[Opening Stored data section]
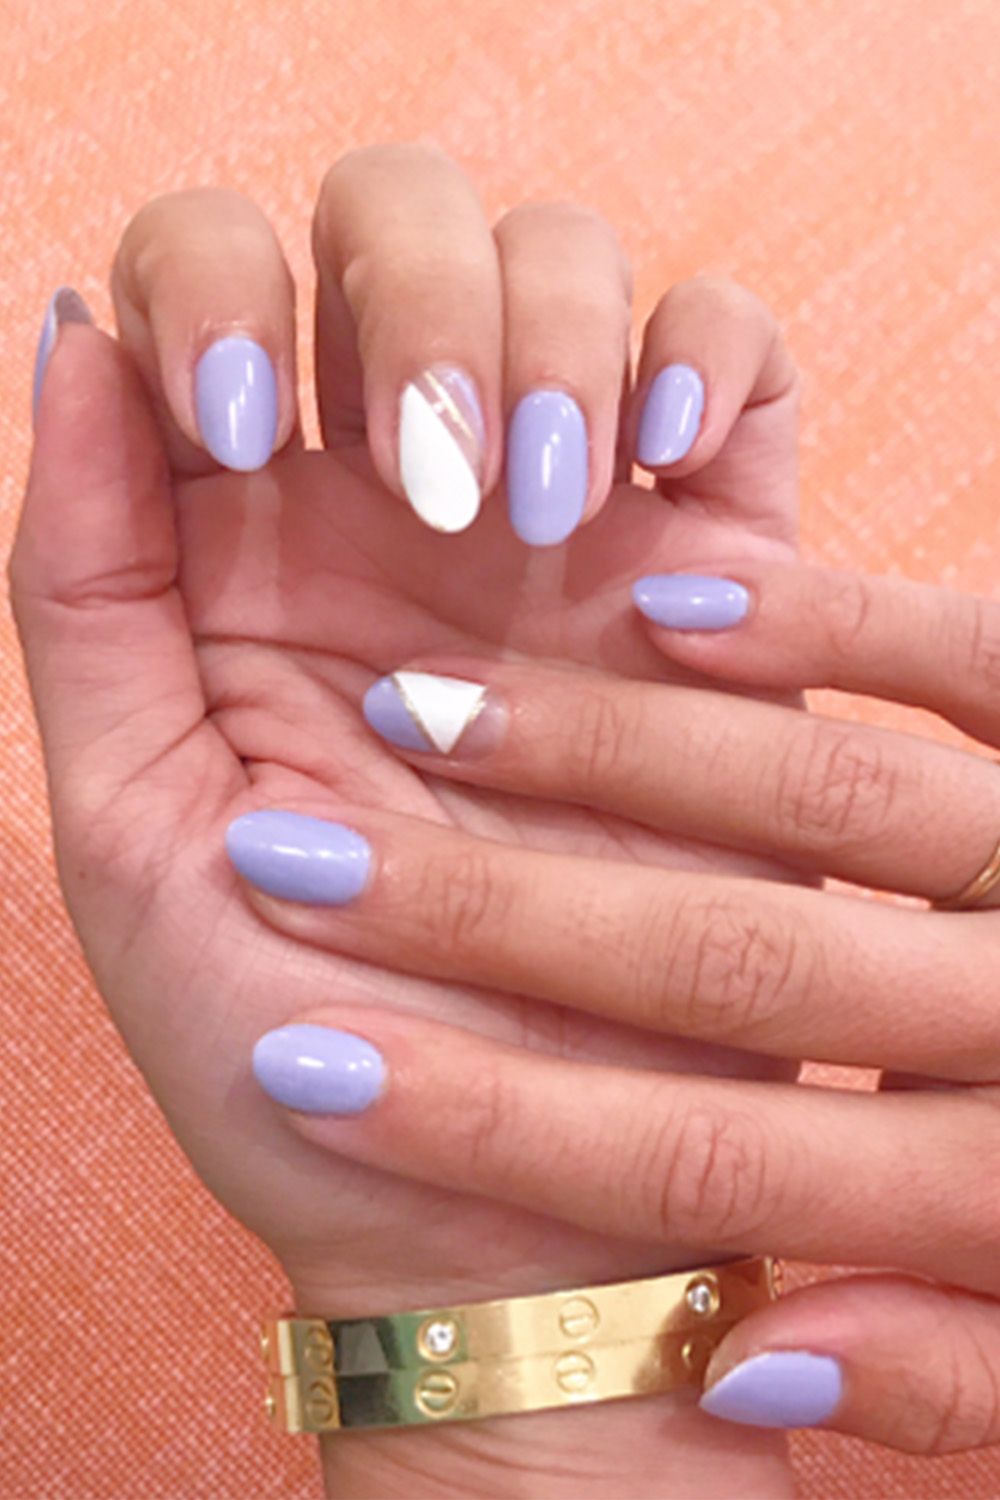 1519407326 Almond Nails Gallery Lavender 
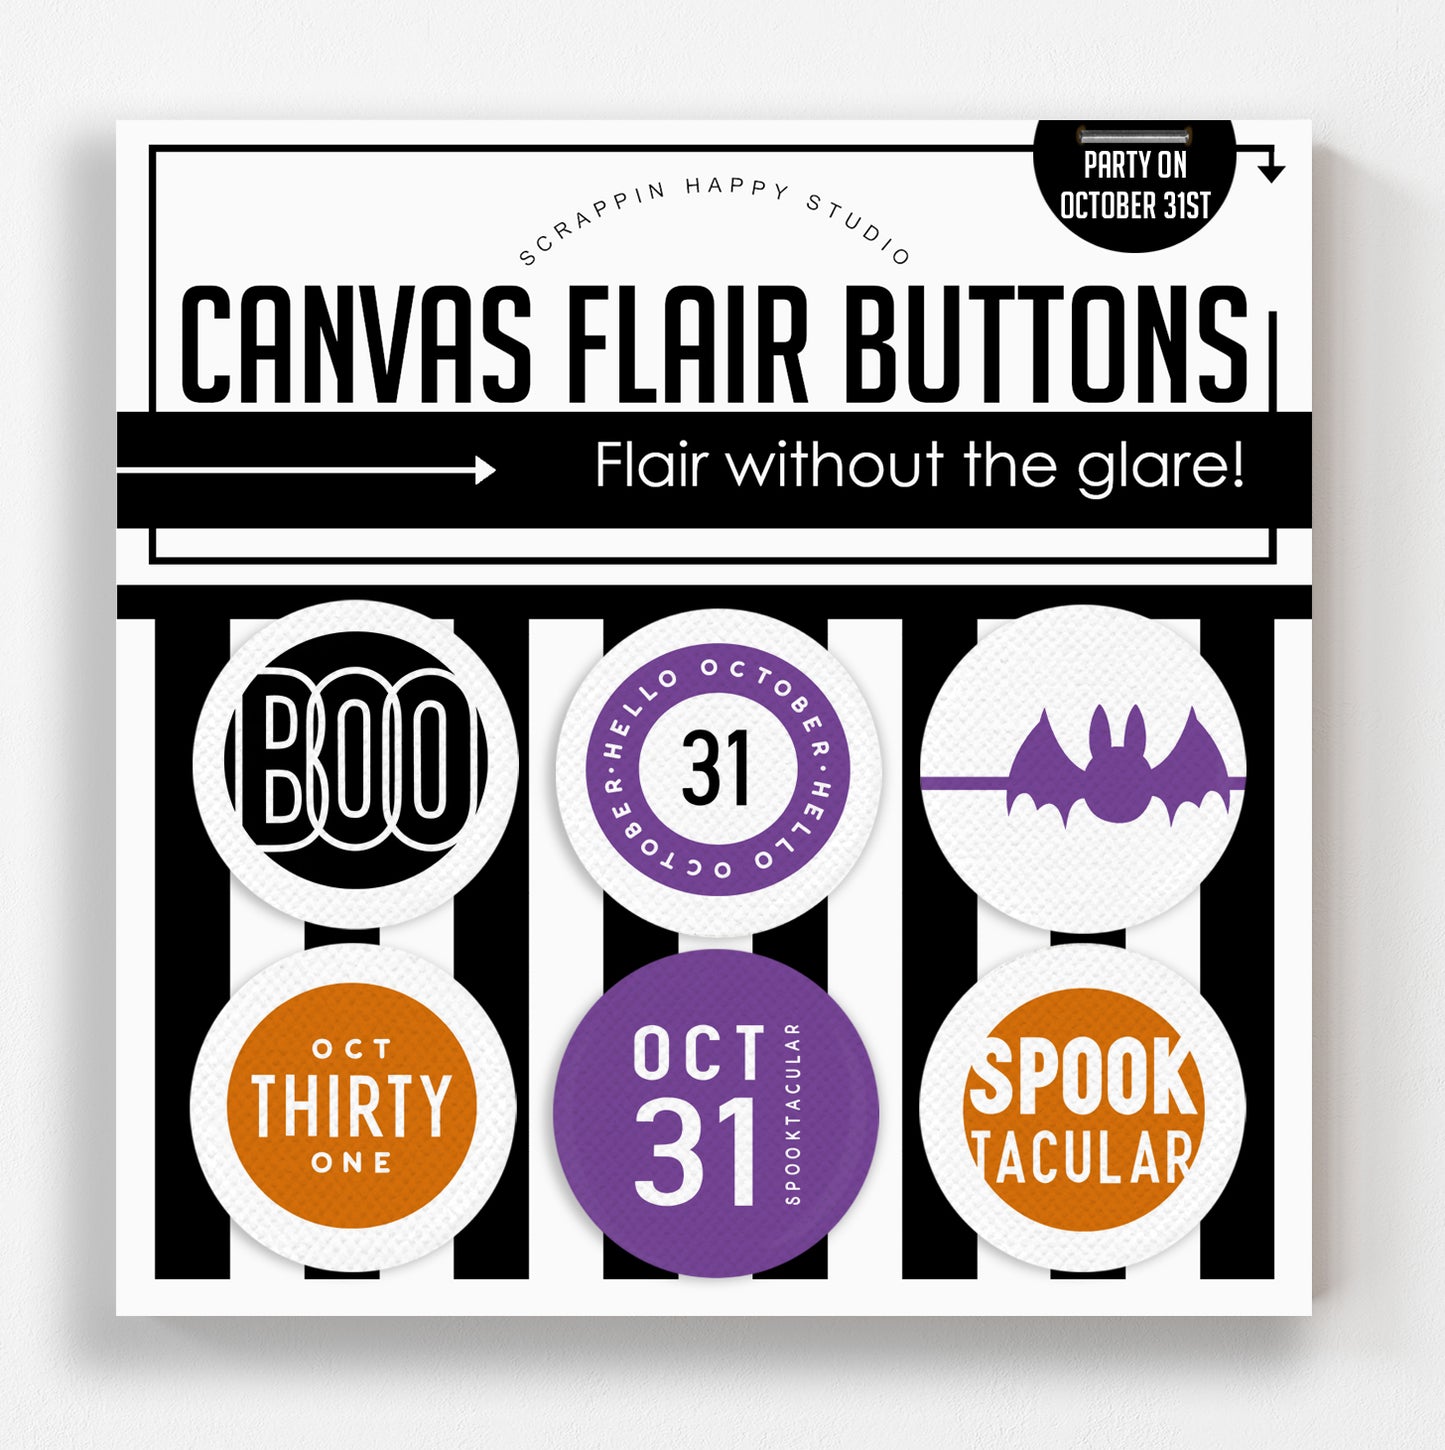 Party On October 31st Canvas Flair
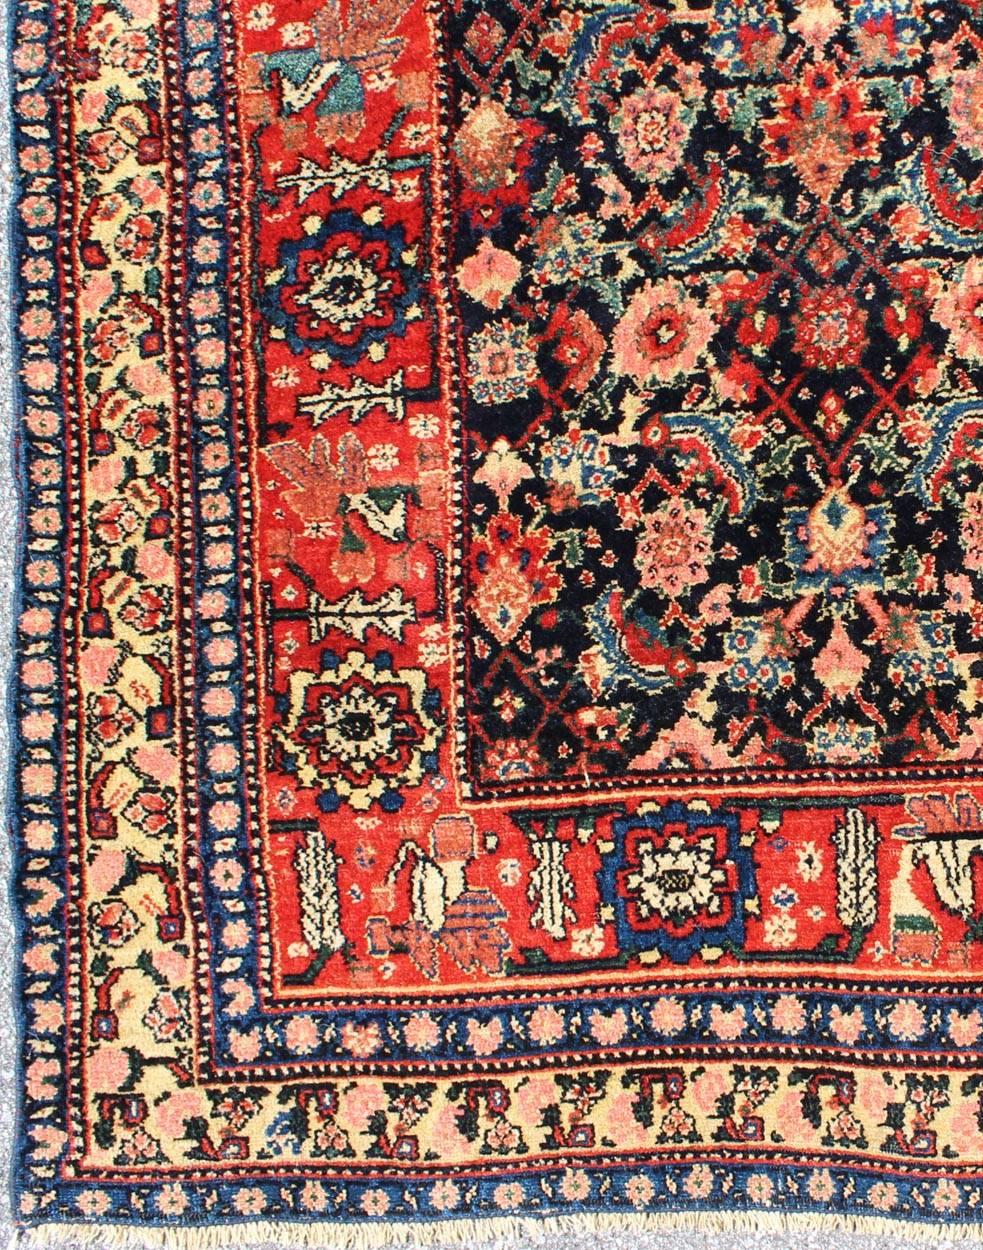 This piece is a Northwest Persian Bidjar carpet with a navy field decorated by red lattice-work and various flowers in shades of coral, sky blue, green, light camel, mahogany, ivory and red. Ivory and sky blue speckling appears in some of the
[Closing Stored data section]
> _What you are asked to do_:
Beginning with the line that holds "Party On October 31st Canvas Flair", extract every line to the end of the material, exactly as it stands, and drop the pictures.

> _Reply_:
 Party On October 31st Canvas Flair
 This piece is a Northwest Persian Bidjar carpet with a navy field decorated by red lattice-work and various flowers in shades of coral, sky blue, green, light camel, mahogany, ivory and red. Ivory and sky blue speckling appears in some of the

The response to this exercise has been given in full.